Intel: Analysten sehen "historischen Einbruch", AMD holt auf
Intels kürzlich veröffentlichte Umsatzergebnisse ziehen immer weitere Kreise an der Börse. Analysten sehen einen historischen Einbruch des Konzerns, während Konkurrent AMD die Gunst der Stunde nutzt.
Nachdem Intel in der vergangenen Woche verkünden musste, dass sowohl das vergangene Jahr 2022 und insbesondere das vierte Quartal mit hohen Verlusten abgeschlossen wurde, gaben auch die Zukunftsaussichten wenig Hoffnung auf Besserung. So rechne das Unternehmen laut dem Portal Reuters mit einem "überraschenden Verlust" und etwa drei Milliarden US-Dollar weniger Umsatz im ersten Quartal 2023, was wiederum einen historischen Einbruch zur Folge habe: Satte acht Milliarden US-Dollar Marktwert habe Intel quasi über Nacht am Freitag verloren.
Das voraussichtlich schlechteste Quartalsergebnis seit dem Platzen der Dotcom-Blase sei laut Börsenanalysten "nicht in Worte zu fassen", wie Reuters weiter ausführt. Die schlechte Prognose würde die Herausforderungen für Intel-CEO Pat Gelsinger noch stärker unterstreichen, der sich seinerseits zum Ziel gesetzt habe, Intels Dominanz im Chip-Sektor unter anderem mittels neuer Fabriken in Europa und den USA wiederherzustellen.

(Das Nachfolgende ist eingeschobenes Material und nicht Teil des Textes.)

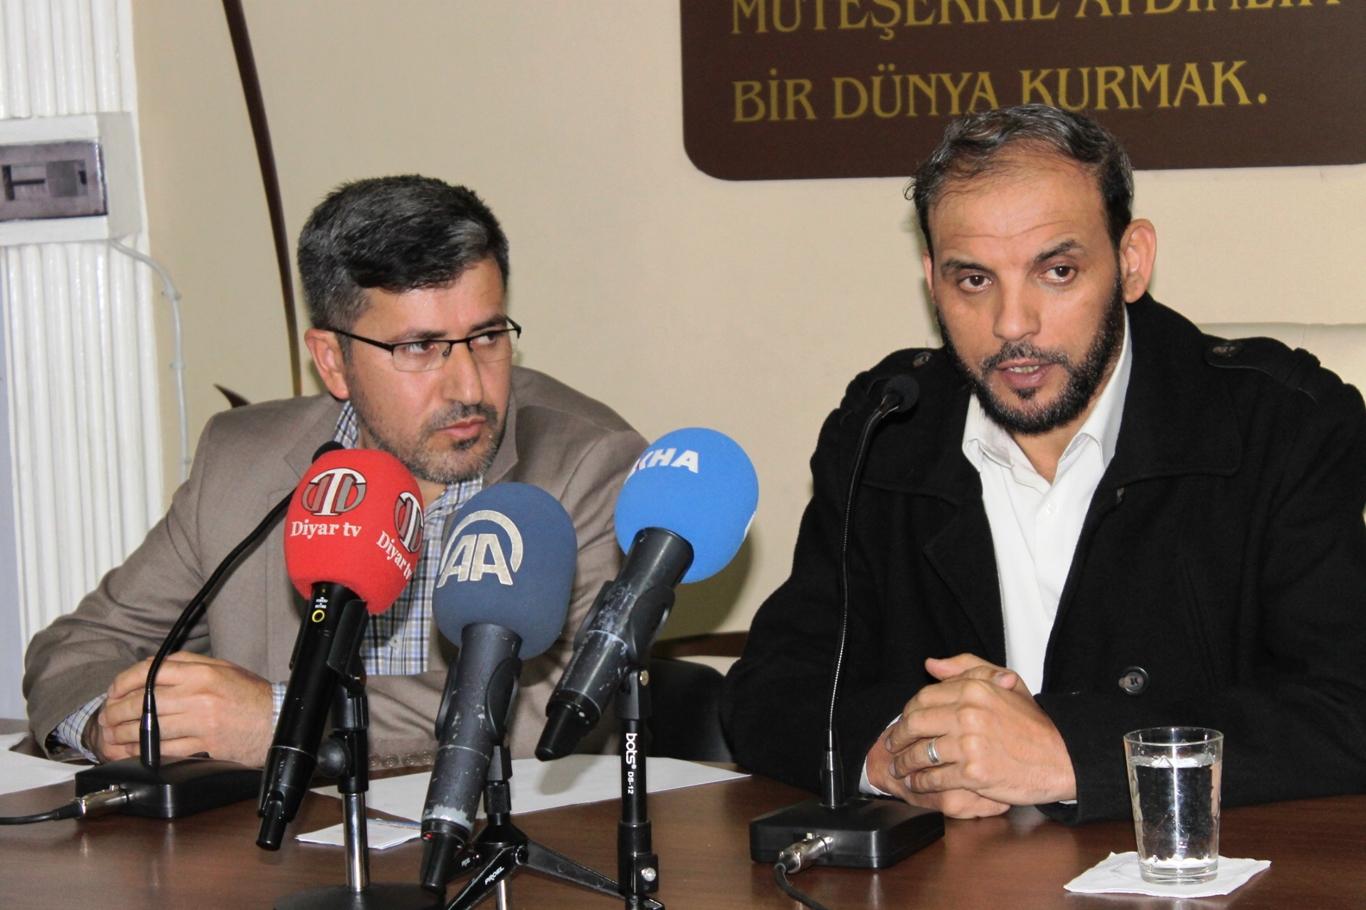 Hamas Lideri Diyarbakır'da Konuştu
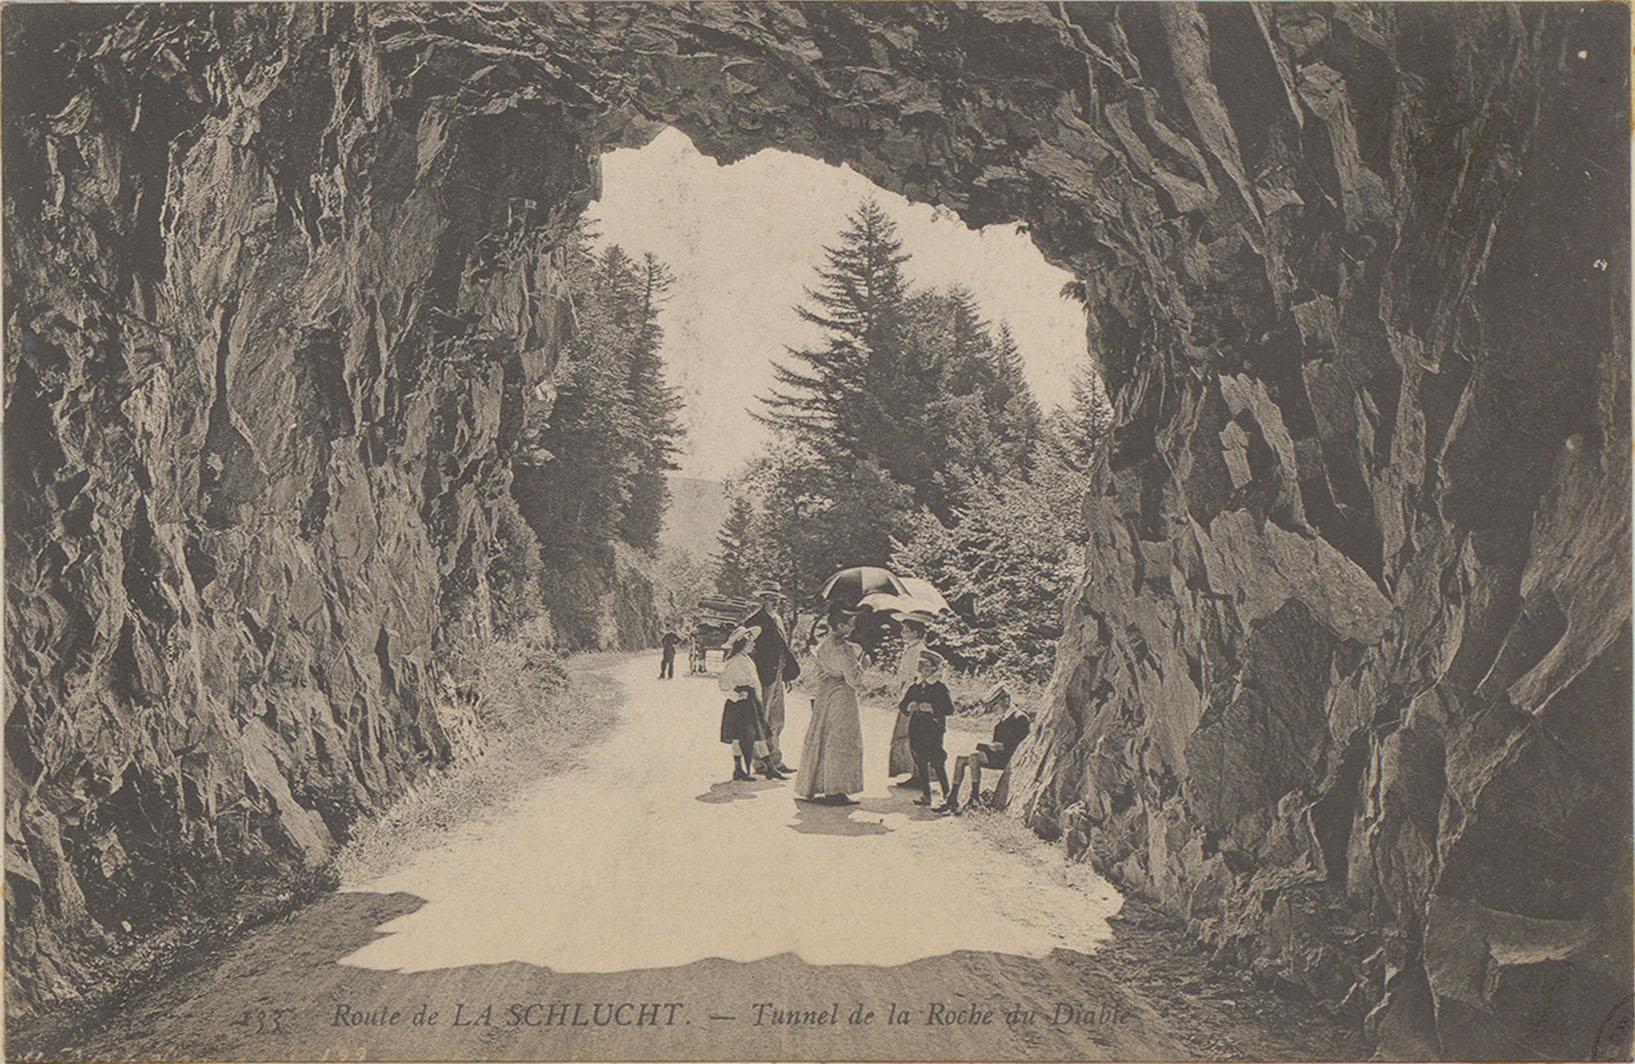 Contenu du Route de la Schlucht, Tunnel de la roche du Diable

Während Intels Aktien um weitere 6,4 Prozentpunkte gefallen sind, konnten die Konkurrenz rund um AMD (+0,3 Prozent) und Nvidia (+2,8 Prozent) leicht zulegen. Insbesondere erstgenanntes Unternehmen sei die derzeit größte Gefahr für Intel an der Börse, da die Genoa und Bergamo getauften Chips eine deutlich bessere Preis-Leistung aufweisen würden als Intels Sapphire Rapids Prozessoren. Dies hätte eine Vergrößerung der AMD-Marktanteile zufolge, sodass das Unternehmen auf bestem Wege sei, Intel die Spitzenposition im Hinblick auf den Börsenwert abzuluchsen. Selbst wenn die finanzielle Talsohle des Rechenzentrenmarktes erreicht sei, gerate Intel entsprechend noch weiter ins Hintertreffen, da man bis dahin weitere Marktanteile an AMD verlieren würde.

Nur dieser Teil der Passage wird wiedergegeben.